The defensive pressure clearly agitated Gay, who only had six points on seven shots. In the fourth quarter his frustration boiled over and he received two technical fouls in quick succession for arguing with a referee.
The Thunder, on the other hand, got strong performances throughout its rotation Sunday. Kevin Durant had a somewhat typical, but nonetheless outstanding game. He registered 30 points on just 15 field goal attempts and even got teammates involved, tallying nine assists. Serge Ibaka benefitted greatly from Durant’s generosity; the Thunder big man was active off the ball, knocking down catch and shoot opportunities and cutting to the basket.

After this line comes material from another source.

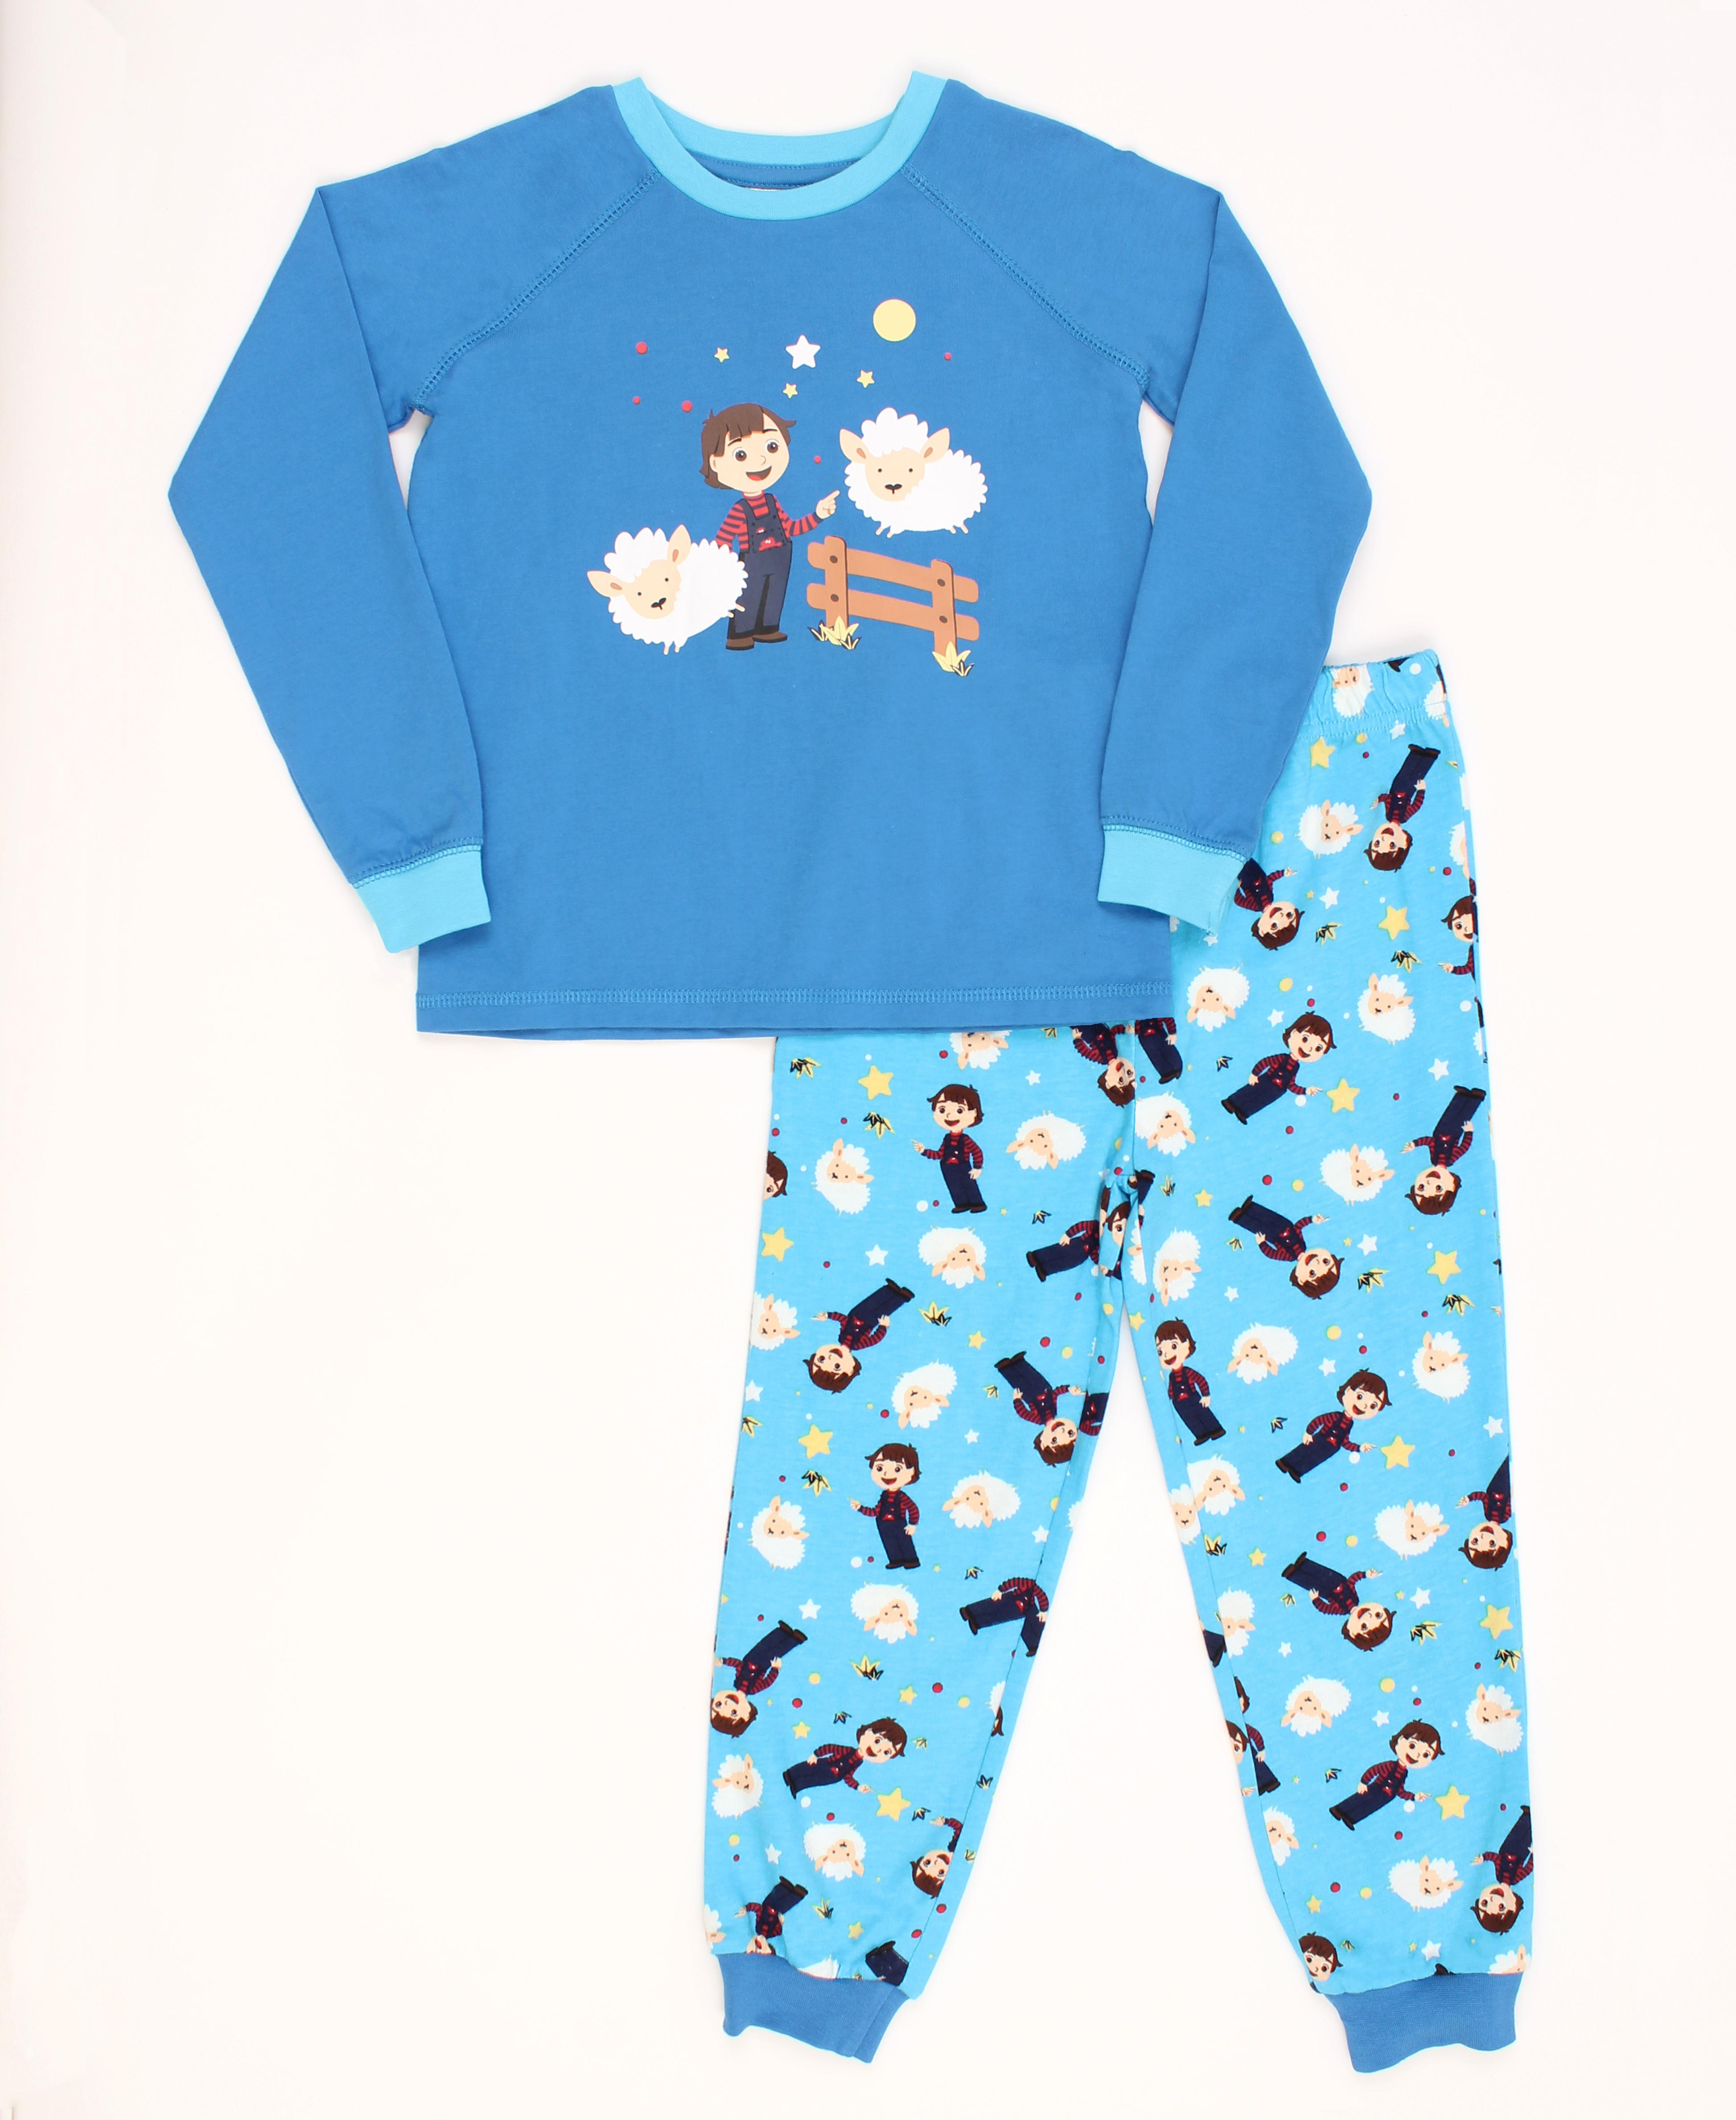 Passe-Partout - Pyjama Pruneau 5-6 ans

Oklahoma City’s offense was clicking so much that Malone resorted to putting Kendrick Perkins at the foul line to disrupt the Thunder’s rhythm, he said.
“Sometimes when you can’t get a stop, you put a guy on the foul line. I’d rather have him shoot it than (Durant) shoot it,” Malone said.
While the wide margin created by the Thunder upset the Kings, it did afford them the opportunity to play Carl Landry for the first time this season. Landry had been out of action since October as he recovered from a torn hip flexor, but with the game out of hand, Malone saw a chance to get his forward some run.
Landry only played nine minutes, but looked comfortable and registered six points and nine rebounds in his limited action. Malone said looks forward to getting more production from Landry off of the bench as he becomes more healthy.
“One of the beautiful things about Carl is that he can be a go-to player. DeMarcus, with that first group, is our go-to post guy, Rudy can post a little bit, but now Carl Landry is a guy we’re going to go to in the post and put in pick and rolls,” Malone said. “He can score in different ways – he’s good facing the basket as well as back to the basket – so he’ll be a guy we go to.”
The Kings’ next chance to work Landry into the offense will come Tuesday, when Sacramento concludes its recent road trip with a game against the New Orleans Pelicans.